The potential at a R distance due to the charge can be written as:

$V=\frac{1}{4\pi {\epsilon }_o}\frac{q}{R}$

Where q is the charge and R is the radius of a sphere.

Inside the sphere, the electric field is zero everywhere. Hence, no work is done on a test charge that moves from any point to any other point inside the sphere. Therefore, the potential is the same at every point inside the sphere, and its surface is equal to

$V=\frac{1}{4\pi {\epsilon }_o}\frac{q}{R}$ (1)

Where the term $\frac{1}{4\pi {\epsilon }_o}$equals $9.0\times {10}^9\text{N}·{\text{m}}^{\text{2}}{\text{/C}}^{\text{2}}$and $\mathit{R}\mathbf{}$is the radius of the sphere

Gien data :

• The radius of the sphere = 0.200 m.
• Electric field on the sphere = 3800 N/C.

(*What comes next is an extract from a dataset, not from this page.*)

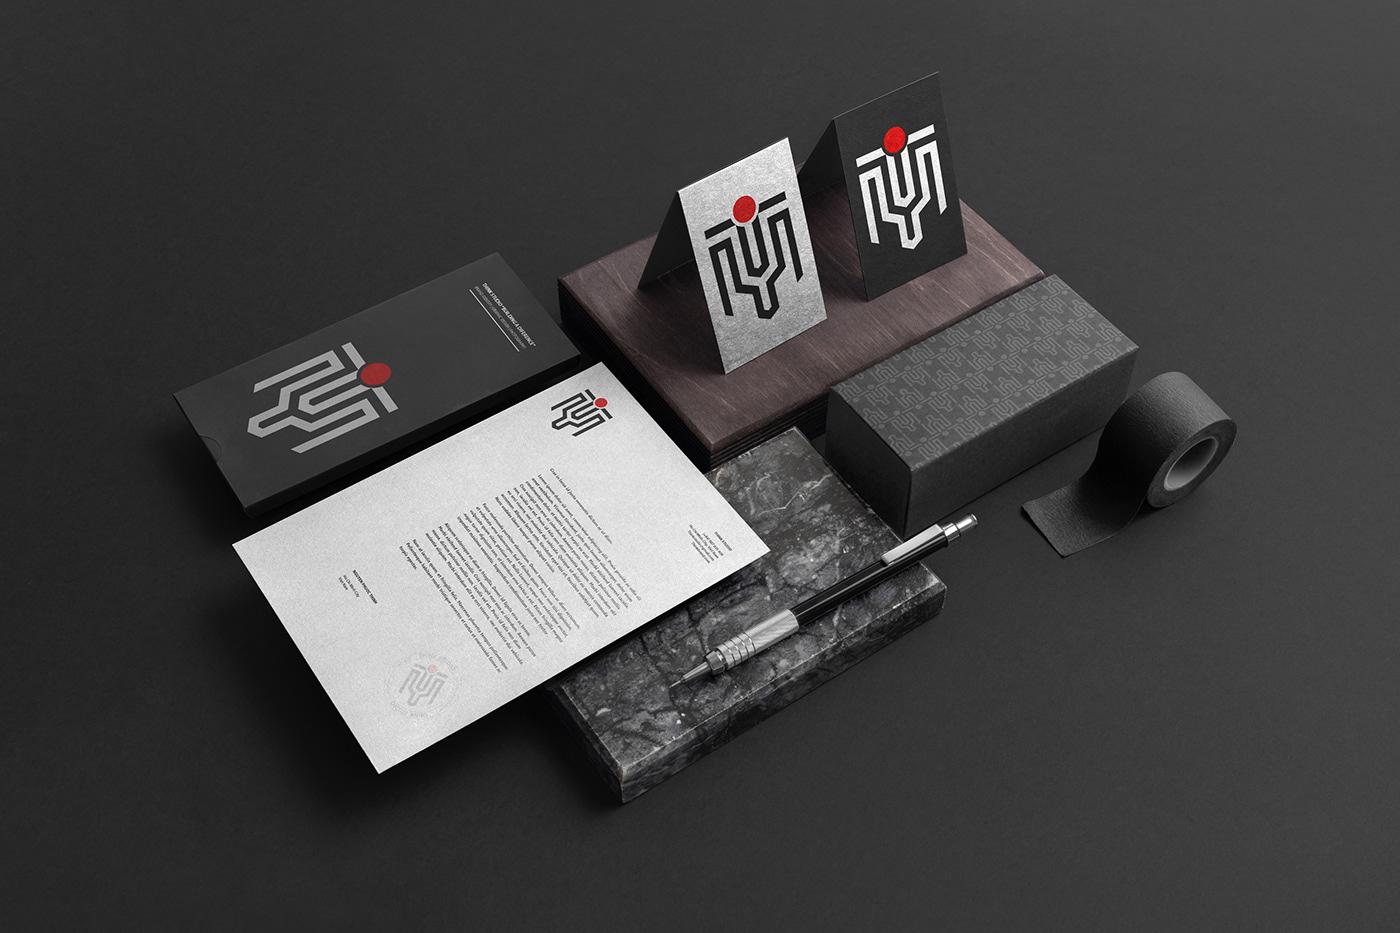 brand brand designer brand identity branding  graphic design  nhân diên thương hiệu Think Studio thương hiệu việt nam Typical brands xây dựng thương hiệu

The formula for the charge is written as:

$q=4\pi {\epsilon }_o{R}^{2}E$

We have used the gauss equation here to calculate the charge.

Substituting it into equation (1), and we get,

$$\begin{gathered} V=\frac{1}{4\pi {\epsilon }_o}\frac{-\left(4\pi {\epsilon }_o{R}^{2}E\right)}{R} \\ =-RE \end{gathered}$$

Plug the values, the above expression as:

$$\begin{gathered} V=-(0.200\text{m})(3800\text{N/C}) \\ =-760\text{V} \end{gathered}$$

Thus, the potential at the center of the sphere will be $\mathbf{-}\mathbf{760}\mathbf{}\mathbf{\text{V}}$.